After looking at the per-PCB SPD cache code, I believe the same
underlying problem exists for both the in-tree sys/netipsec and
sys/netkey implementations.  Briefly, the problem is that the per-PCB
cache is updated lazily; PCBs cache-slots can still hold entries to
SPD objects after the object is marked `dead' (i.e., sp->state ==
IPSEC_SPSTATE_DEAD).  Yet key_timehandler() treats the refcnt field of
`dead' policy entries as a TTL (calling  .  Doing both of those
at the same time cannot work correctly.

Suppose a policy is administratively deleted and thus marked as
`dead'. When the PCB attempts to use its cached state and compares it
against the global generation number, the PCB-cache code will notice
the generation number in the PCB cache is out-of-date, and will
rebind. However, in the meantime, key_timehandler() decrements the
refcount of all `dead' SPD objects each time it runs.  Eventually
those refcounts hit zero, and the object is freed.  If the per-PCB
cache touches the SPD entry after that, all bets are off.  (If the
object is on the free list, the freelist entry gets the refcount field
decremented; if the object has been reallocated, the PCB code smashes
the refcount field of the new object).

I'm not submitting a PR for this unless and until I can reproduce it
in a stock unmodified tree, which may take some time -- I'm trying to
fix the bug in my own tree.  But I beleive this bug is also present in
the 2.0 branch.  Meanwhile: does anyone see any flaws in my analysis?

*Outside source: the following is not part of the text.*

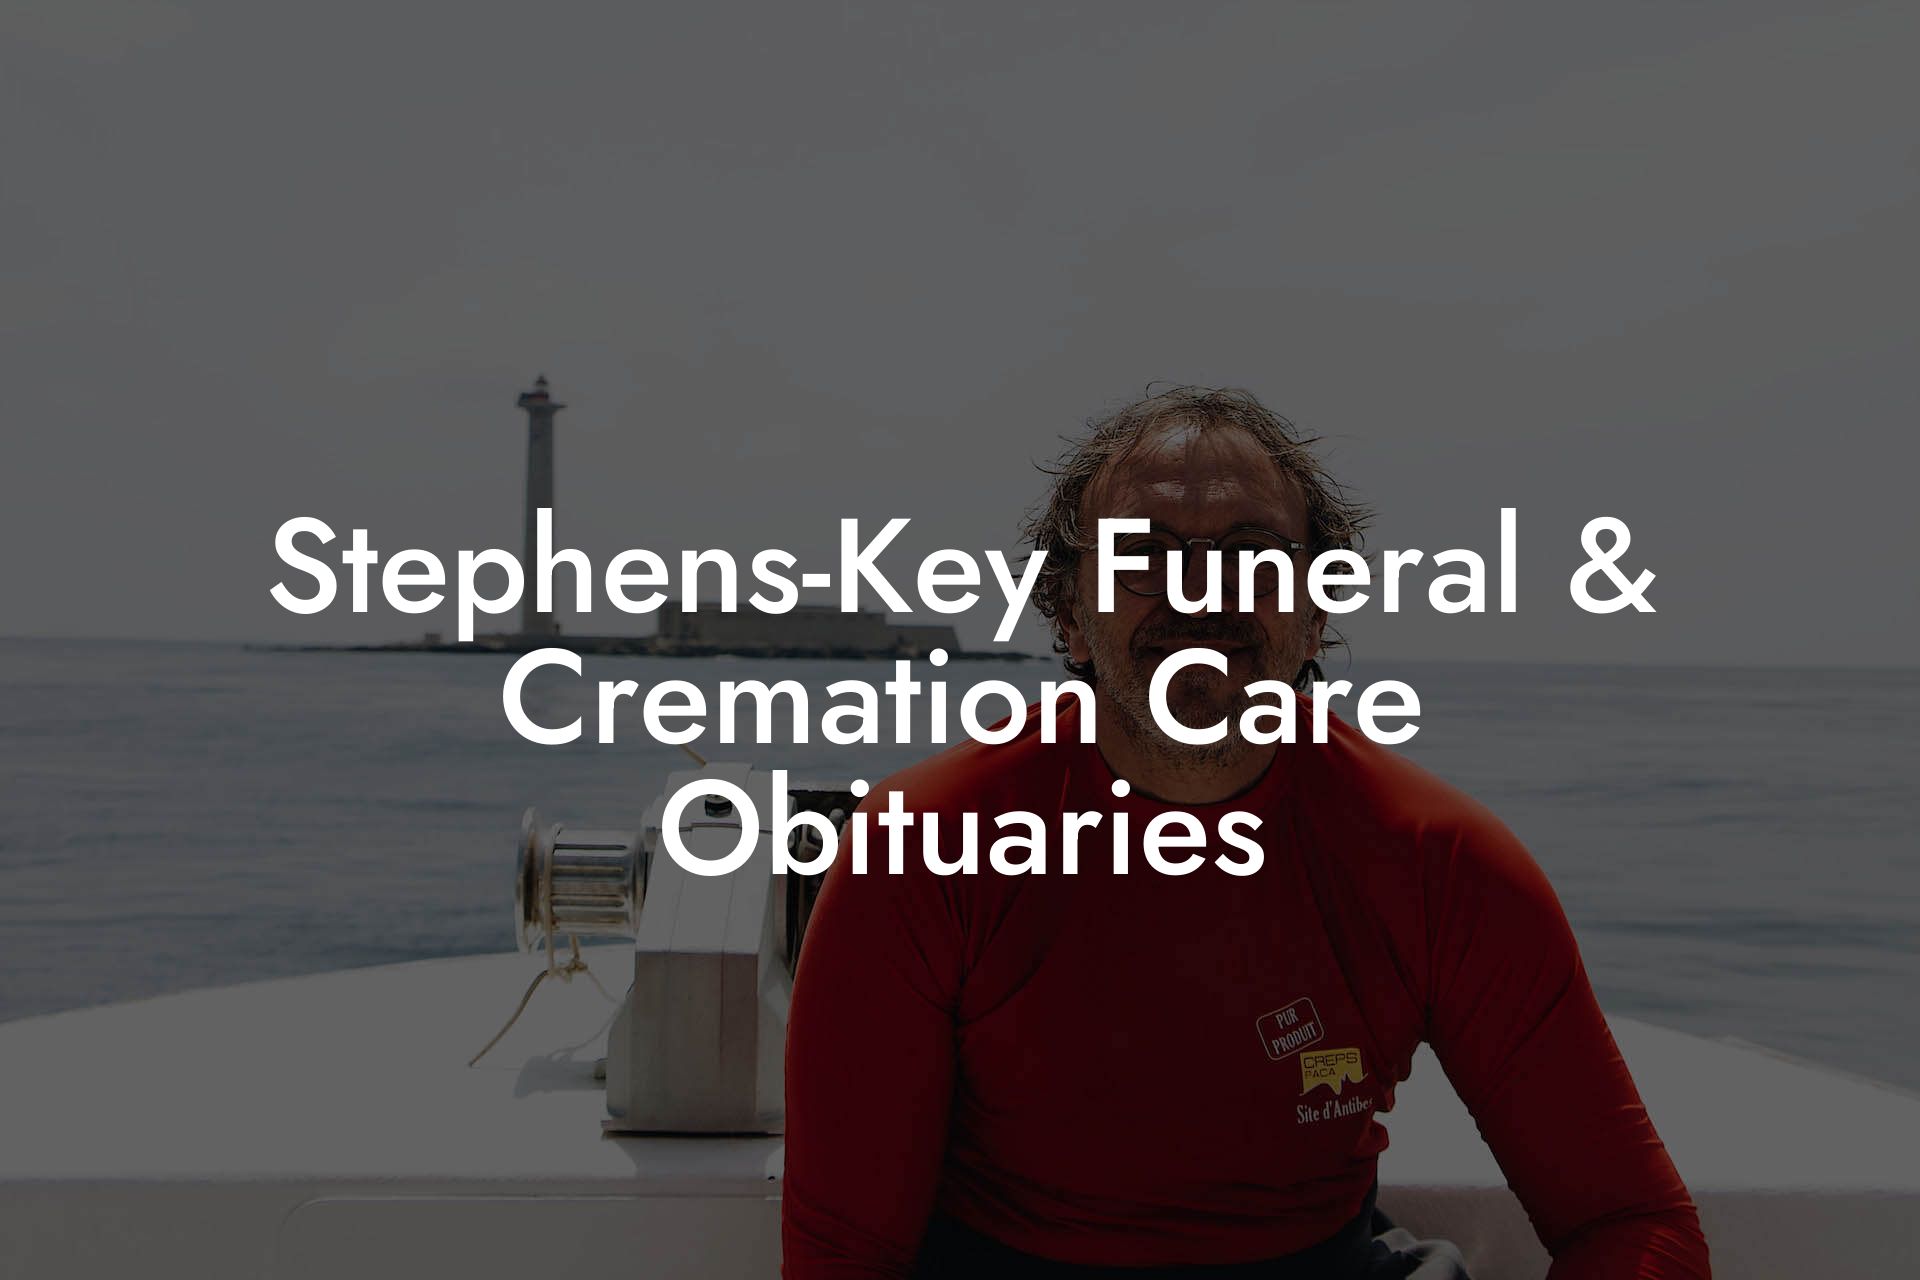 Stephens-Key Funeral & Cremation Care Obituaries

The obvious approach to fixing this is to add a new state, halfway
between DEAD and ALIVE, in which the kernel lazily collects the
per-PCB-cache refcounts; possibly with a timeout to walk the PCB list
occasionally, flushing out references from long-inactive PCBs.

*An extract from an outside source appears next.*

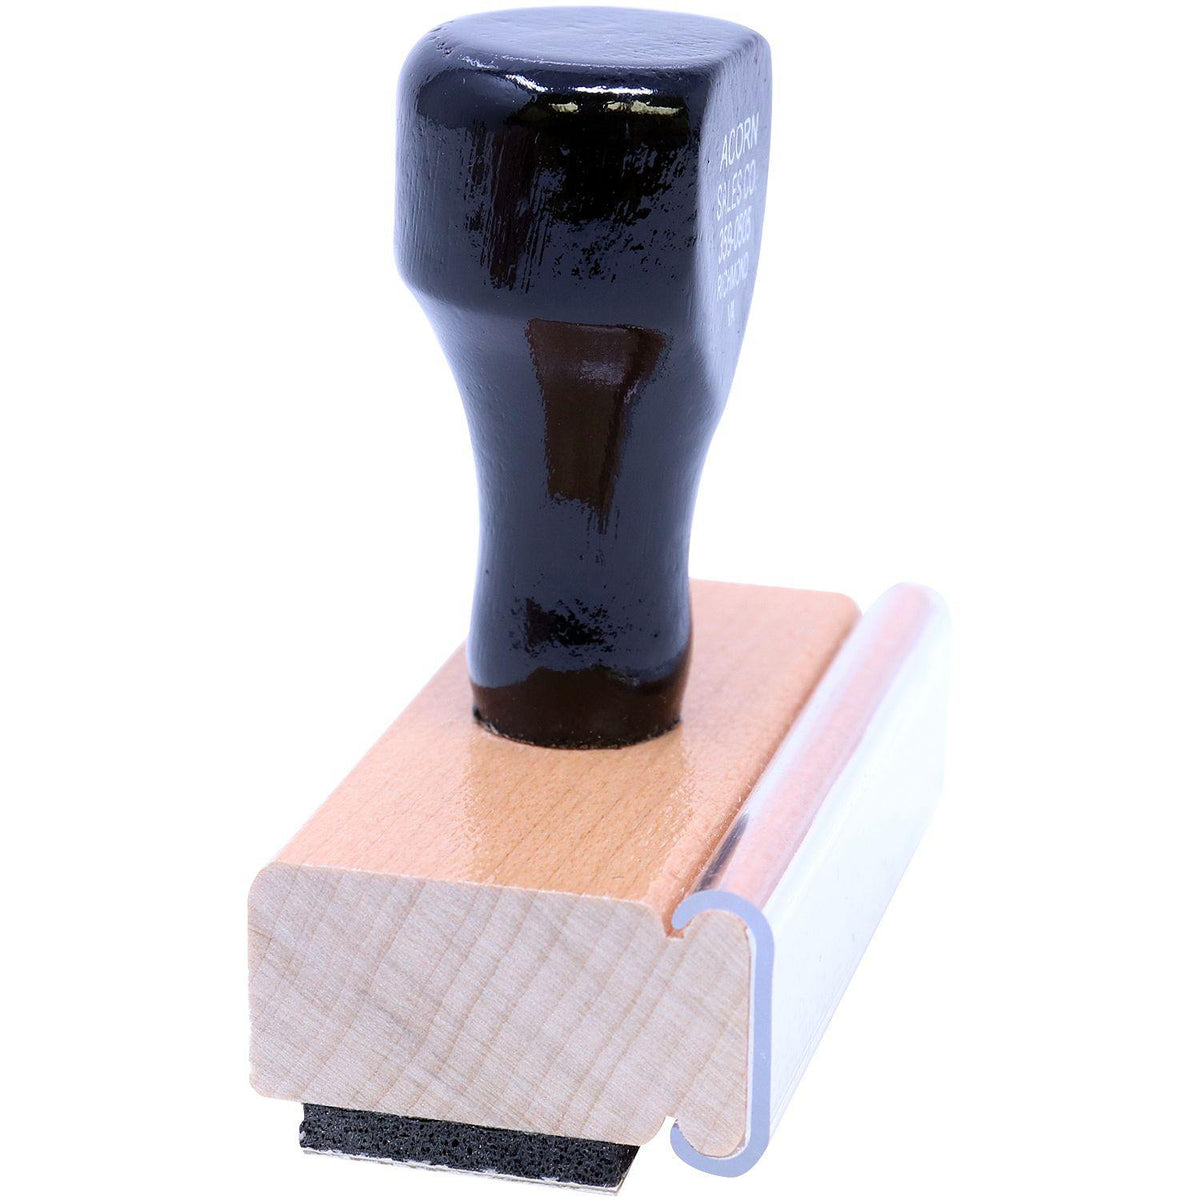 Side View of Large Not Approved For Construction Rubber Stamp at an Angle

KAME's sys/netkey/key.c appears to implement this new state by
splitting key_freesp() into separate delete/unlink/free operations.
key_timehandler() then uses key_sp_unlink to move `dead' SPD entries
from the list of known SPs; further pcb-cache references are removed
via key_freesp(), which eventually frees the object once the refcnt
hits zero.

Any objections to backporting that logic to sys/netipsec, verifying it
fixes my problem, then requesting a pullup for 2.0? we can add an
explicit list of delete-pending objects later, if need be.

(Reflection on the wisdom of (mis)using a refcnt field as a ttl in the
first place left as an exercise for the reader.)